§ **ABOUT THIS EXERCISE**
Every line of the listing below is to be duplicated exactly, with the pictures left out.

§ **GIVEN MATERIAL**
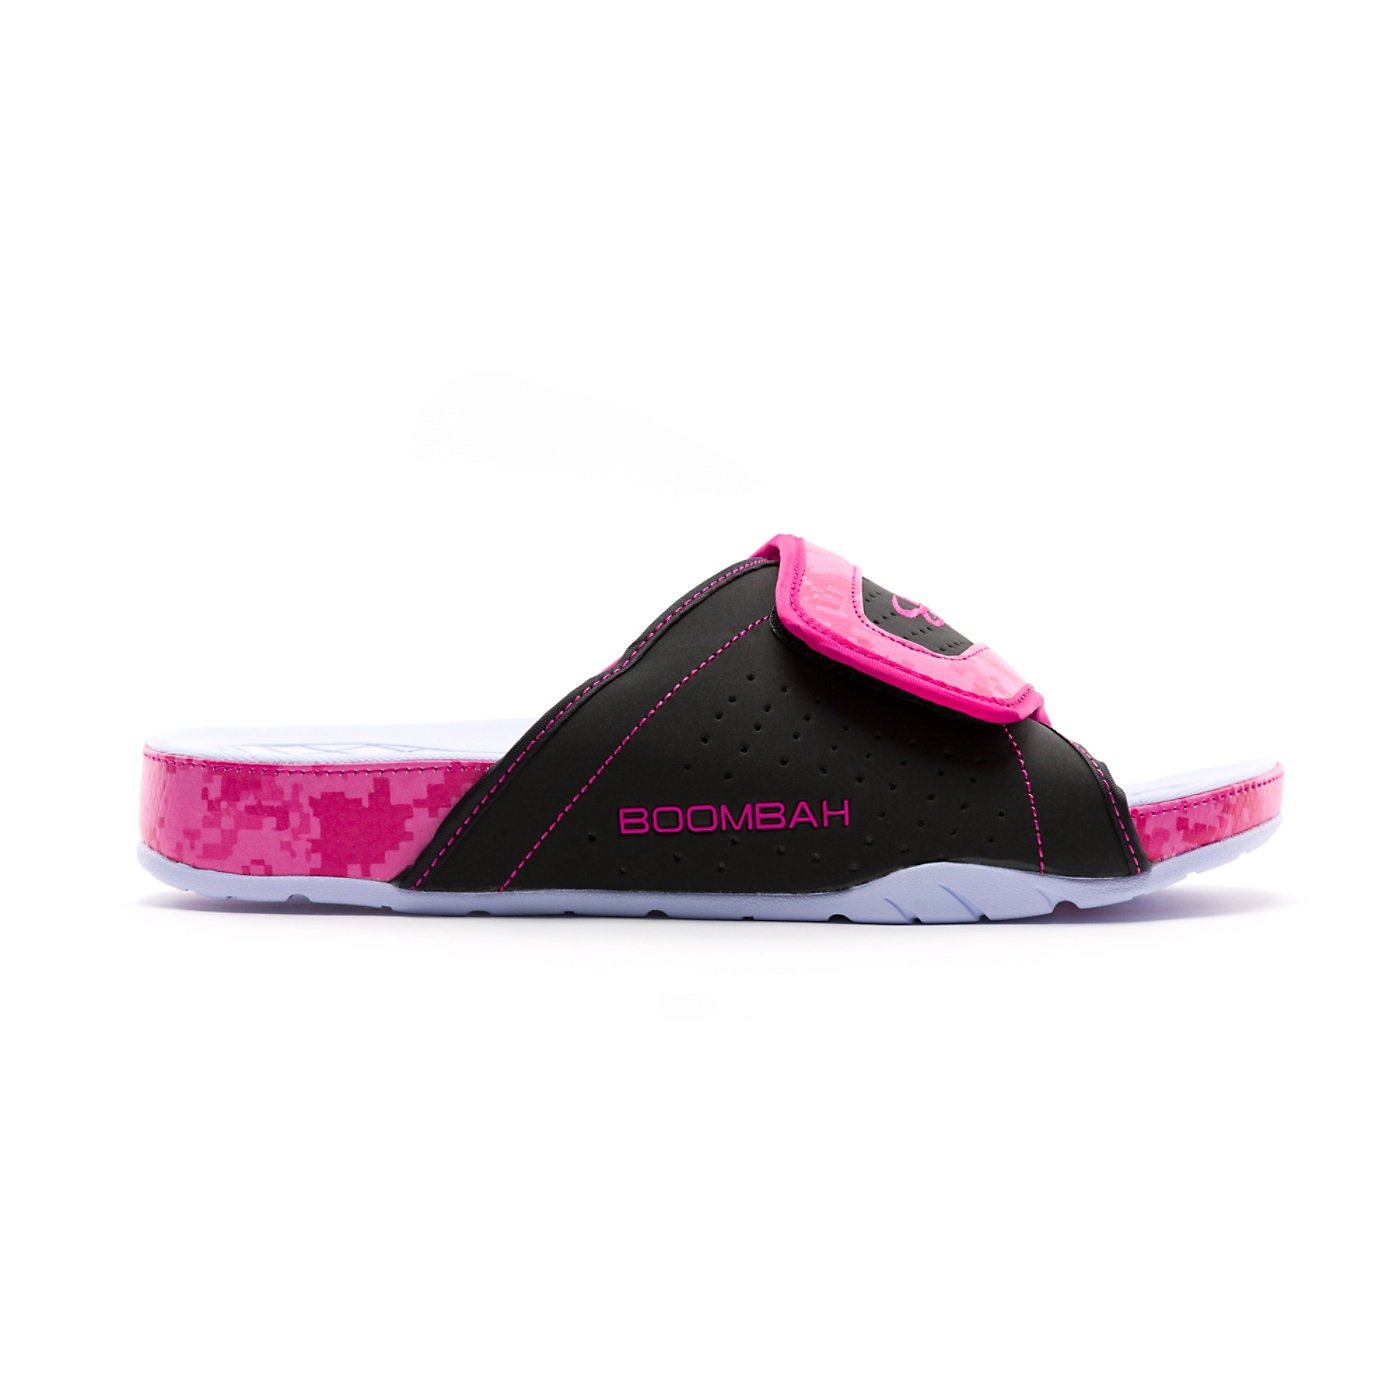 Boombah Men's Tyrant Slide Sandals - 32 Color Options - Multiple Sizes B07CT5Y3FQ 9|Black/Pink/White
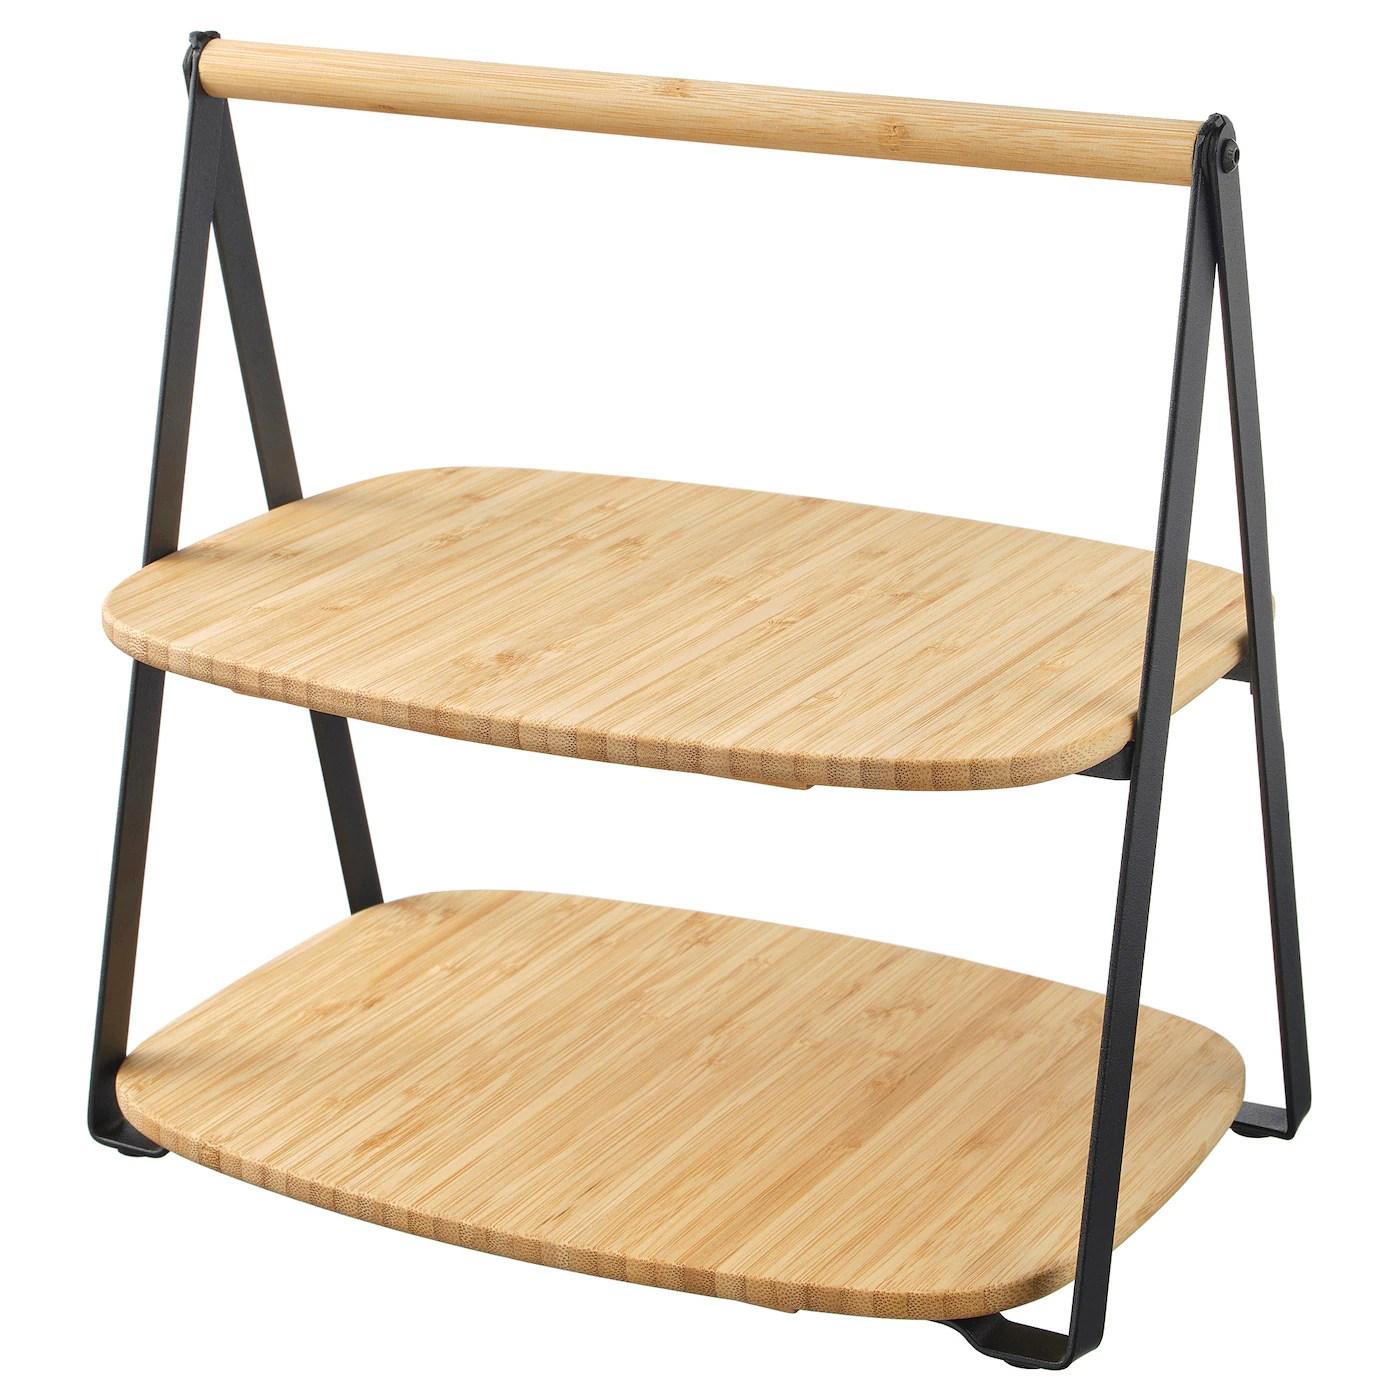 Fullspackad Plateau Bambou Noir Materiau Durable Ikea
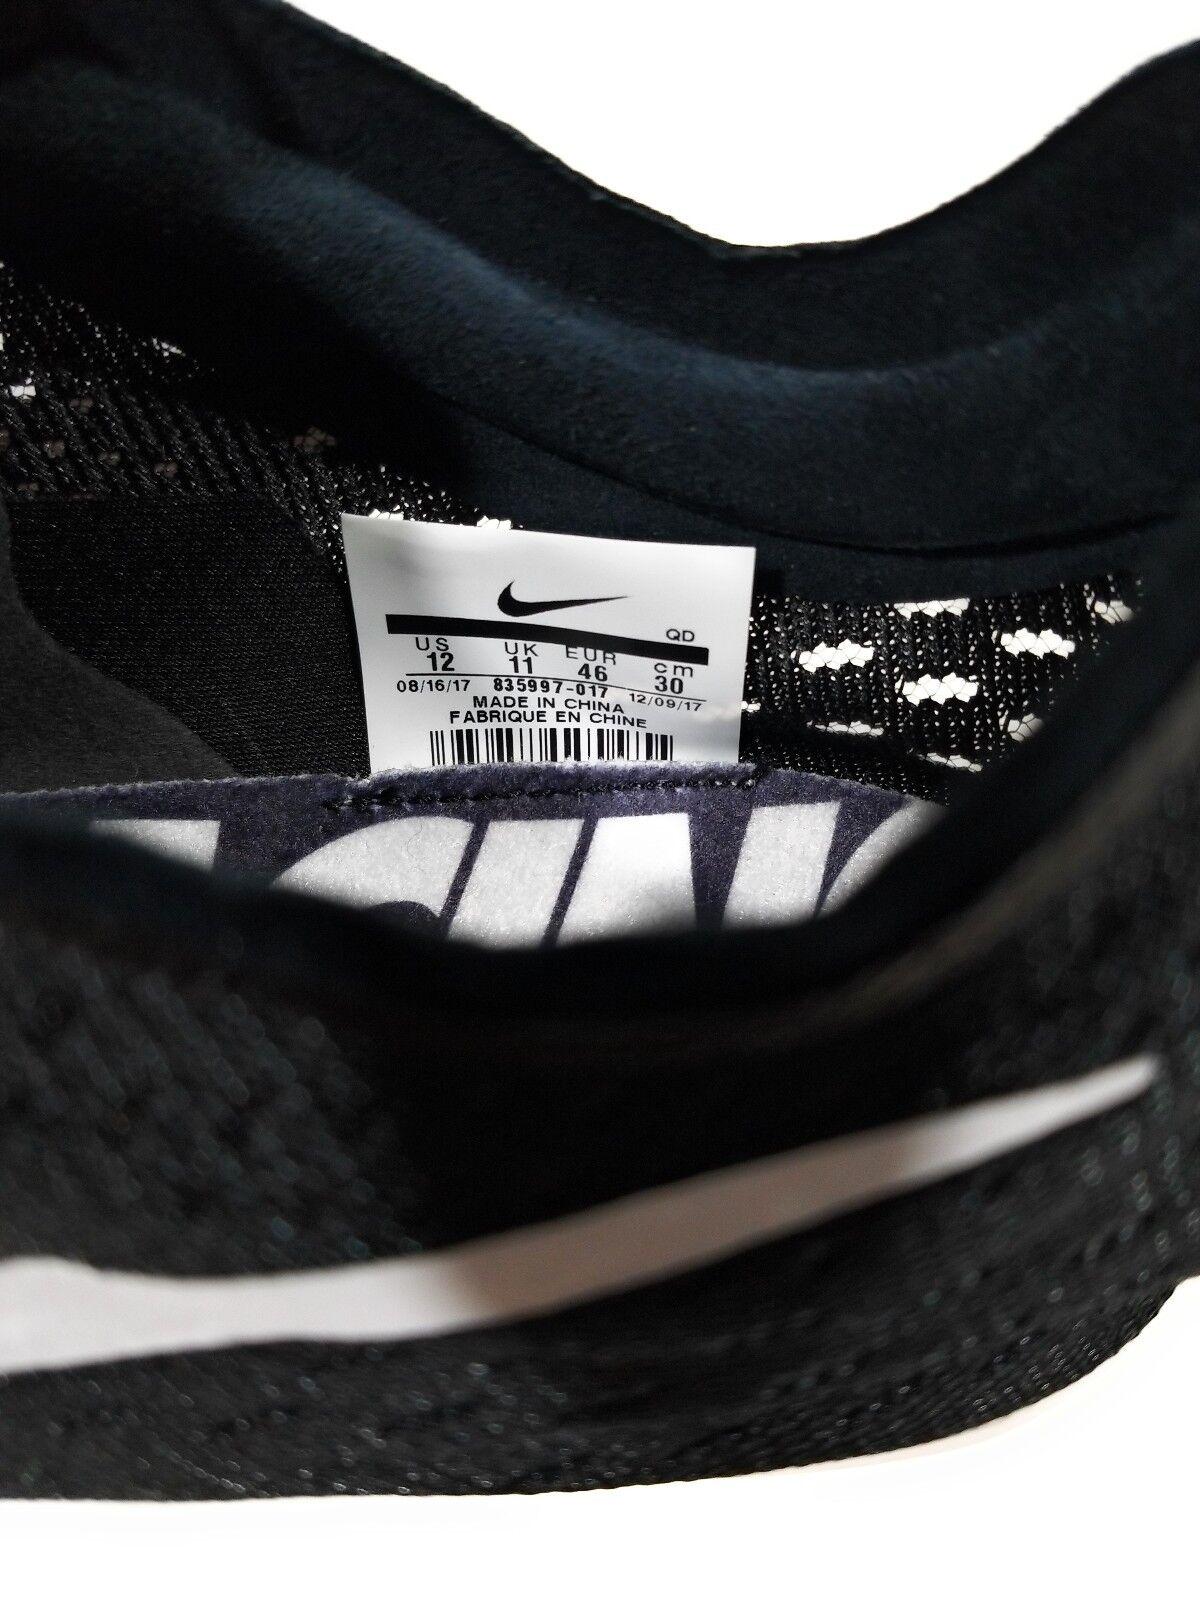 best website 50d10 ec483 ... Nike Nike Nike Zoom Victory 3 Mens Track Spikes Black White Size 12  0a109a

§ **ANSWER BOX**
 Boombah Men's Tyrant Slide Sandals - 32 Color Options - Multiple Sizes B07CT5Y3FQ 9|Black/Pink/White
 Fullspackad Plateau Bambou Noir Materiau Durable Ikea
 best website 50d10 ec483 ... Nike Nike Nike Zoom Victory 3 Mens Track Spikes Black White Size 12  0a109a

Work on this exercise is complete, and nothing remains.